埃夫提比達沉默了一會兒,便一面望著從營帳的一個角落踱向另一角落的埃諾瑪依,一面繼續說:

「親愛的,告訴我,這些變化是由於什麼原因?而且,阿爾託利克斯剛剛從羅馬回來,斯巴達克思又為什麼堅決主張大家採取他的建議,叫大家離開義大利回到色雷斯、高盧、伊利里亞和日耳曼去呢?」

埃諾瑪依停了下來。他低著頭,用動也不動的狂野的目光注視著一個小鐵環——那個小鐵環把繃得緊緊的篷佈扣在一個釘在地上的鐵鉤中。他不斷地咬著右手的指甲,用他的左手機械地叉著腰。

「難道這一切都是自然的嗎?是合情合理的嗎?是公正而又光明磊落的嗎?……」埃夫提比達過了一分鐘說。接著,她沉默了一會兒,又說了下去,「什麼話!精疲力竭的羅馬已經連自己也不知道到哪兒去徵集兵士,用什麼辦法去對付西班牙的塞多留和亞細亞的米特拉達梯王的常勝大軍了!但是在這一羅馬最倒霉的時期,我們這一支武器精良、訓練有素、獲得許多次勝利的七萬人的大軍,不但不進攻敵人的京城、輕而易舉地佔領它,反而逃開了它!難道這是合乎情理的嗎!難道這是自然的嗎?」

埃諾瑪依呆呆地站在一個地方,只是慢慢地、不時地搖著頭。

「至於執政官倫圖盧斯和傑利烏斯的兩支軍隊……這只是斯巴達克思虛構出來的荒唐話,這只是他用來胡亂地辯白和解釋他那可恥的、莫名其妙的、逃竄的主張。他想用這一點來掩蓋被他欺騙的人的眼睛,使他們看不到這一可怕的、十分明顯的叛賣行為!傑利烏斯!……倫圖盧斯!……他們的軍隊!」埃夫提比達好像在跟自己商議似的繼續考慮道,「但是,為什麼他要親自率領一千名騎兵去偵察那捏造的倫圖盧斯的軍隊呢?他又為什麼要派遣阿爾託利克斯到萊埃特去監視那虛構的傑利烏斯的軍隊呢?為什麼阿爾託利克斯老是一會兒往那兒一會兒往這兒呢?為什麼斯巴達克思不是派你們中間任何別人呢?」

「你說得對!……真可惜……你說對了!……」埃諾瑪依用好容易才能聽到的聲音咕噥道。

「啊,我對天上所有的神發誓!」埃夫提比達喊道,「你趕快從致命的昏睡症中醒過來吧,叛亂會使你毀滅的。快為了你們的神清醒過來吧。睜開你的眼睛,仔細看一下,人家已經把你拖到無底深淵的邊沿上,快要把你推下去了。這就是你的朋友的手想把你推下去的地方……如果你還需要叛賣的證據,還想知道一些推動這個傢伙叛變的原因,那你就回想一下:斯巴達克思早已狂熱地愛上了羅馬的貴夫人,蘇拉的寡婦瓦萊裡婭·梅薩拉了。他為了她和他之間的愛情,將要把你們全部出賣給羅馬元老院。而元老院方面為了報償他的叛賣行動,就會讓他和他那心愛的瓦萊裡婭結婚,另外還要再加上別墅、財富以及榮譽……」

「別說下去了!這是真的!千真萬確!……」埃諾瑪依叫道,希臘姑娘最後的那番推論不但使他大吃一驚,而且終於使他對那些湊集起來的罪證深信不疑了。

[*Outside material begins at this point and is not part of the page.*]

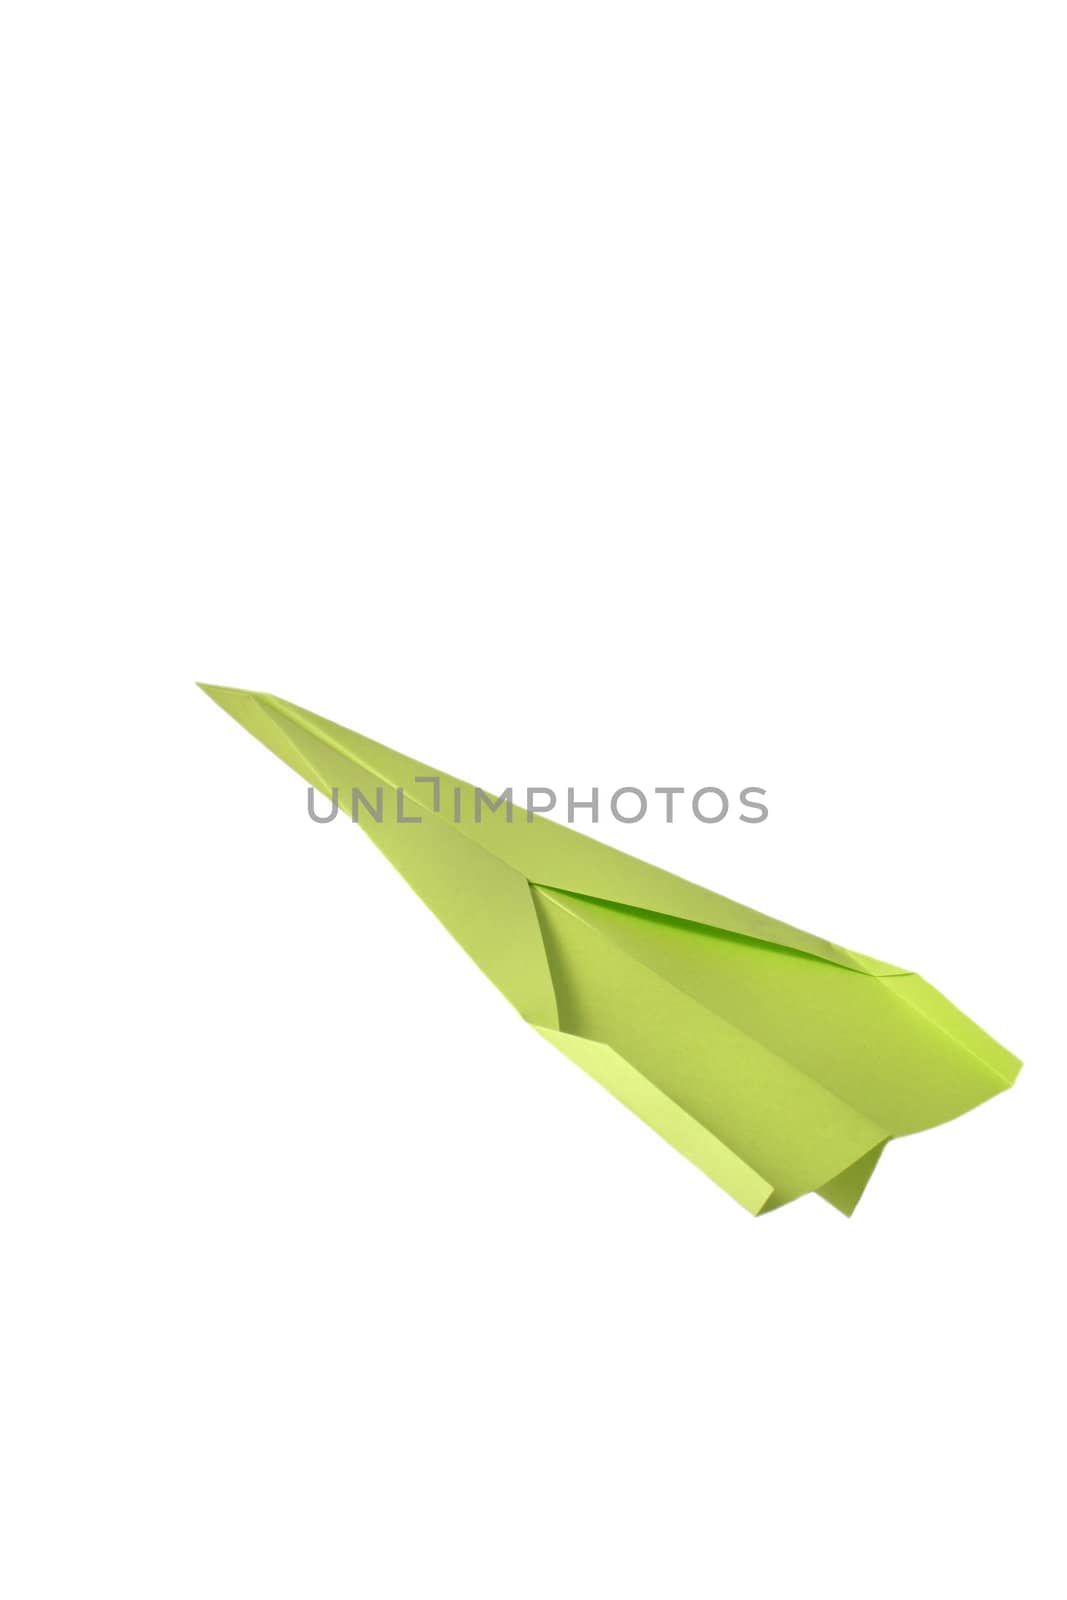 Paper aeroplane by kaarsten

他覺得,這些證據互相貫串起來就明顯地證實了色雷斯人的叛賣罪行。「斯巴達克思——該死的叛徒!但願可怕而又汙穢的惡狗馬尼加爾莫爾在尼弗爾海姆的深淵中永遠地折磨他!」

埃夫提比達一聽到日耳曼人的詛咒,她的眼睛裡就迸射出狂野的幸災樂禍的光芒。她走近了埃諾瑪依,而且一面喘息,一面急促地低聲說:

「你還猶豫什麼?難道你還要使你自己和擁戴你的日耳曼弟兄,被他領到某一個不可能展開戰鬥的峽谷中去,而後可恥地放下武器投降嗎?那時候,你們就會通通被送到十字架上去,或者送到鬥技場上給猛獸活活咬死!」

「啊,不,我對雷神托爾的閃電發誓!」氣得發昏的日耳曼人用轟雷一般的聲音叫道。他拿起堆在營帳角落裡的一襲巨大的鎧甲,披在身上,接著又戴上頭盔,把短劍系在佩帶上。最後他拿起了盾牌叫道:「不……我決不許他出賣我和我的軍團……我要迅速地……我要立即離開這奸賊的營壘。」

「明天,大家都會跟著你來的:高盧人、伊利里亞人和薩謨奈人。跟著他的將只有色雷斯人和希臘人……大家會推舉你做我們的最高首領。佔領羅馬的光榮就會屬於你,屬於你一個人……走吧……走吧……叫你的日耳曼弟兄悄悄地拔營……你也要使所有的高盧軍團不聲不響地起來……走吧……讓我們今天晚上就走……聽我的忠告吧。你得明白,我是多麼愛你,崇拜你,希望你威名遠揚,變成一切人中間最偉大的人物!」

於是,埃夫提比達一面說,一面也披上了盔甲。她看見埃諾瑪依從營帳裡走出去,就在後面叫道:

「走,我去命令他們為你備馬!」

過了幾分鐘,日耳曼軍團的號兵就吹起了彎彎的軍號,不到一小時,埃諾瑪依部下的一萬名日耳曼戰士,已經卷起帳幕,列成戰鬥隊形,準備離開營壘了。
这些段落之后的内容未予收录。